Given information
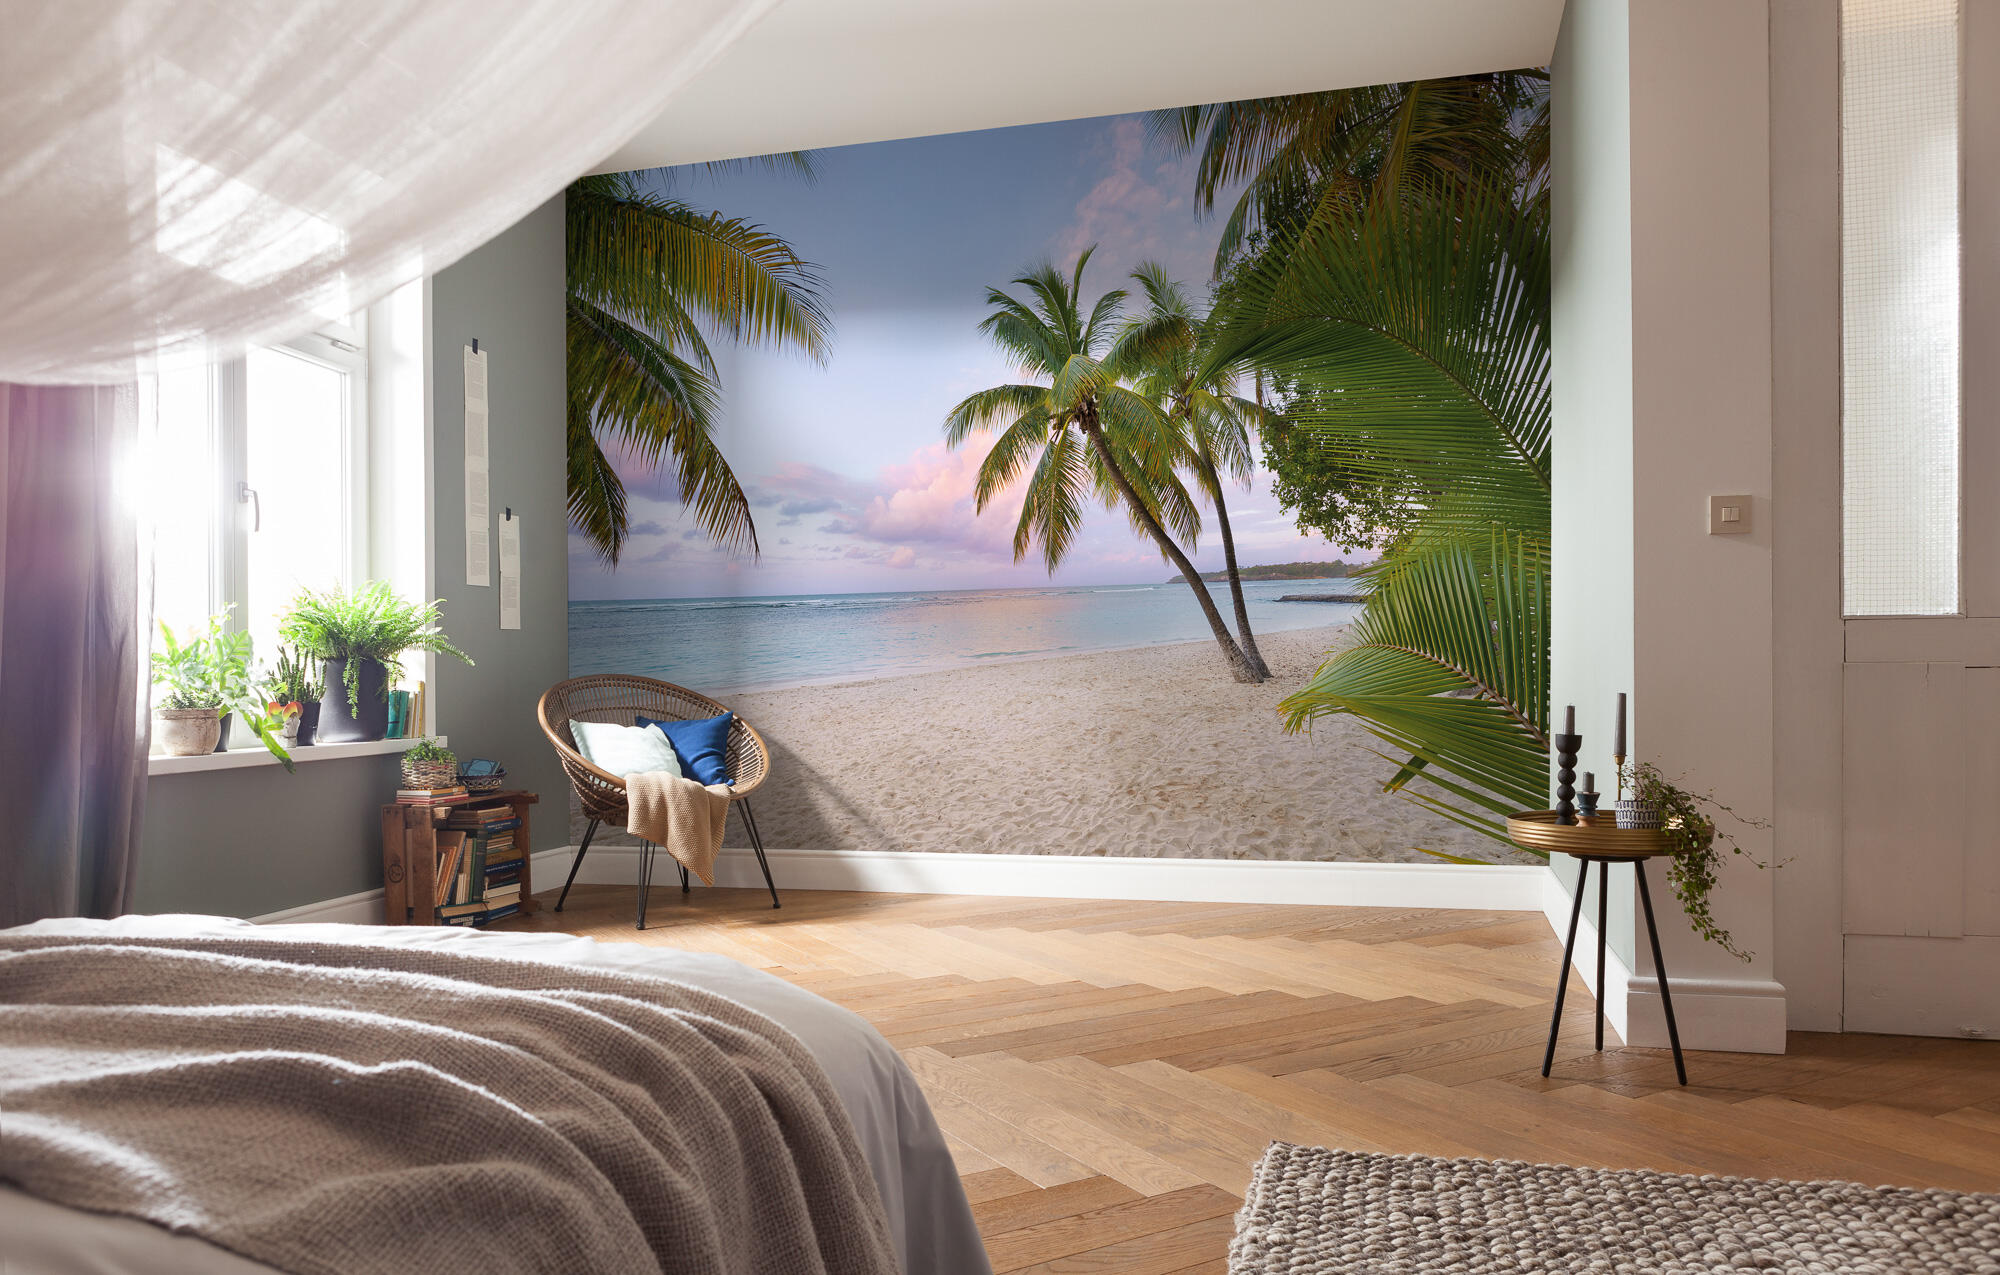 Mural paradise morning de 368 x 248.0 cm
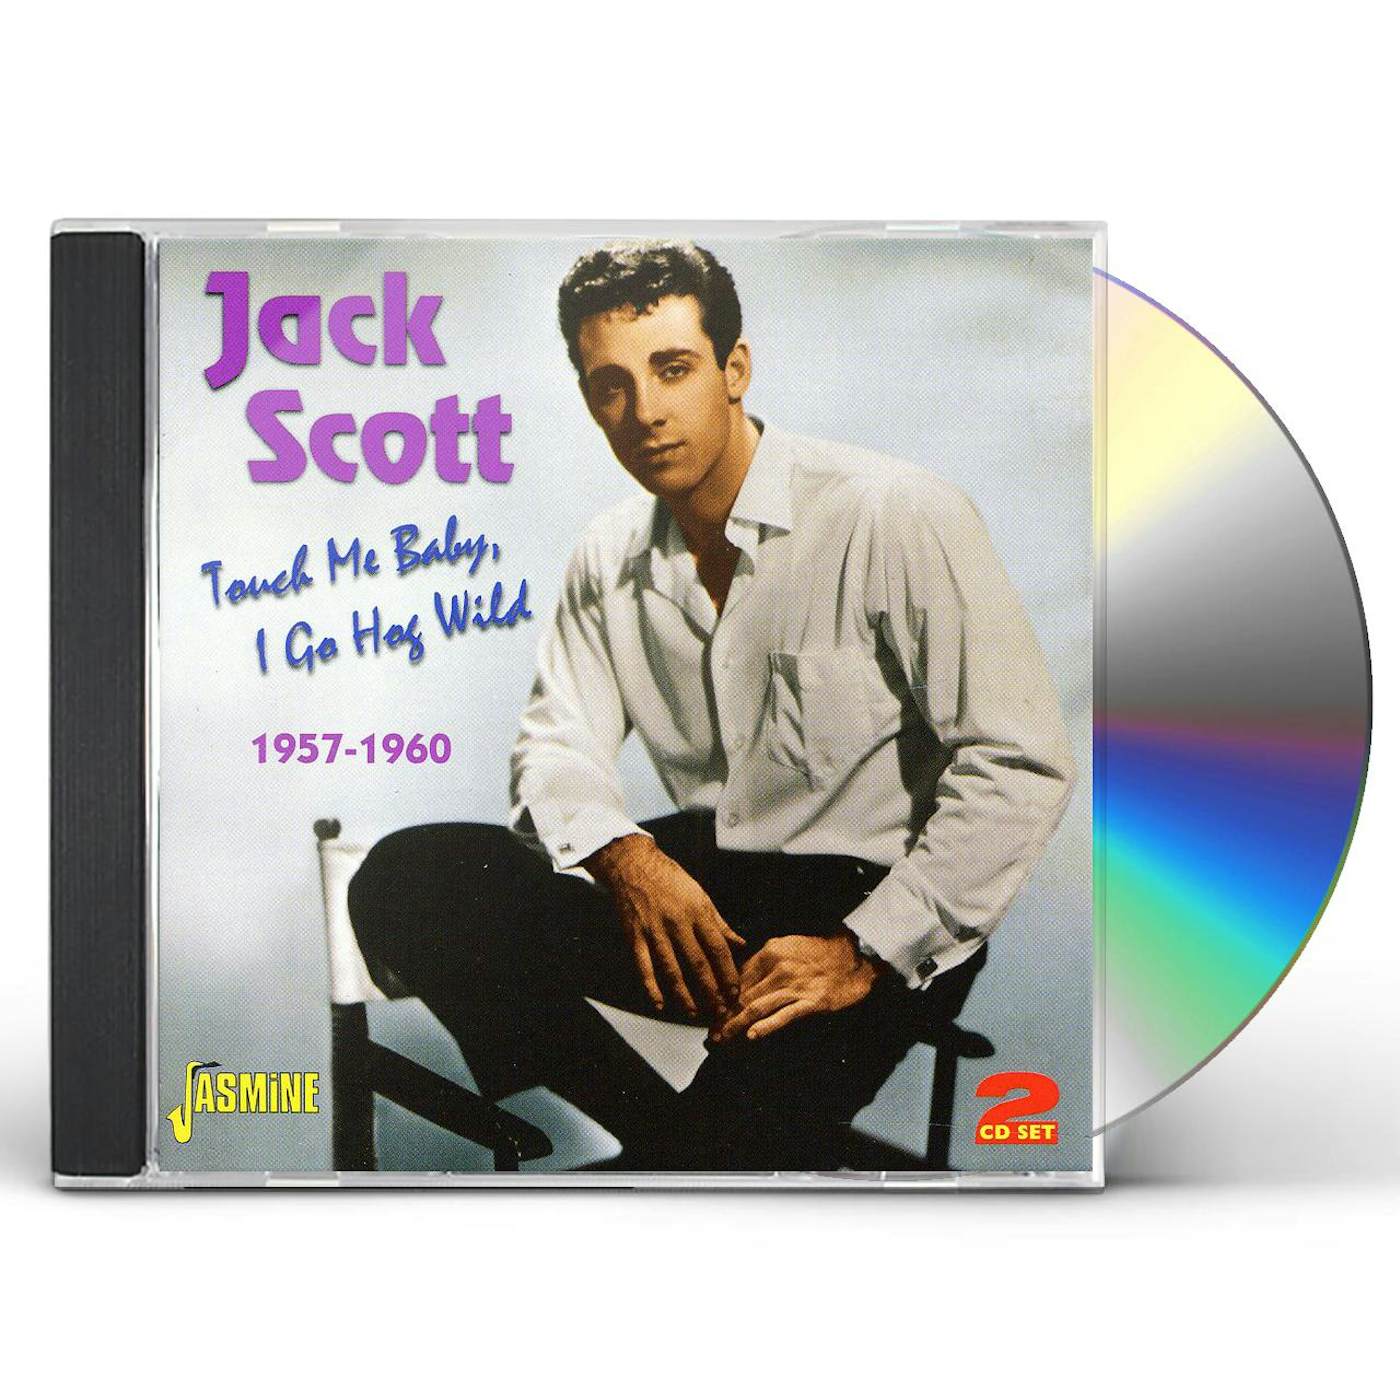 Jack Scott TOUCH ME BABY I GO HOG WILD 1957 - 1960 CD
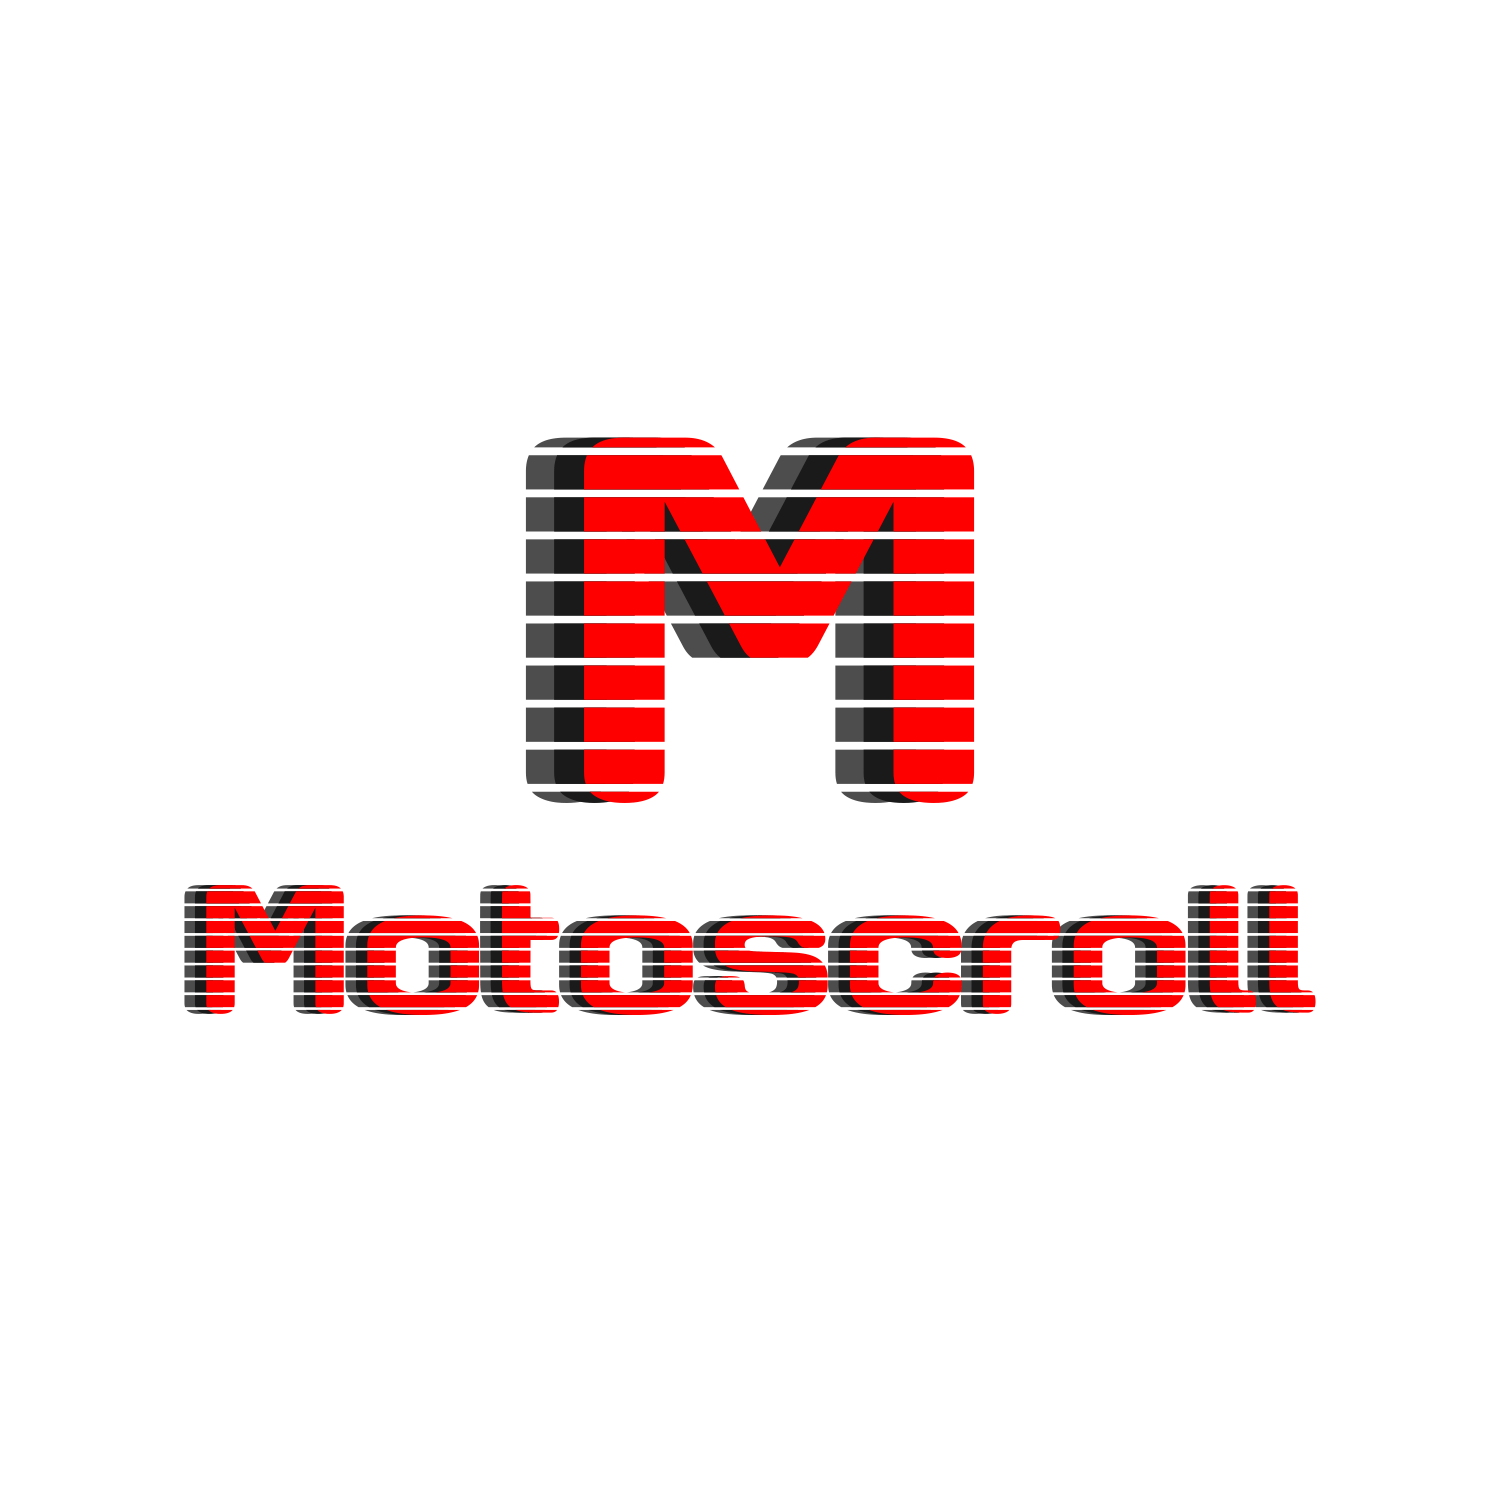 Playful Logo - Elegant, Playful Logo Design for Motoscroll by sahdieng. Design

Directions for this task
Set down the data again, exactly, without images.

Task result
 Mural paradise morning de 368 x 248.0 cm
 Jack Scott TOUCH ME BABY I GO HOG WILD 1957 - 1960 CD
 Playful Logo - Elegant, Playful Logo Design for Motoscroll by sahdieng. Design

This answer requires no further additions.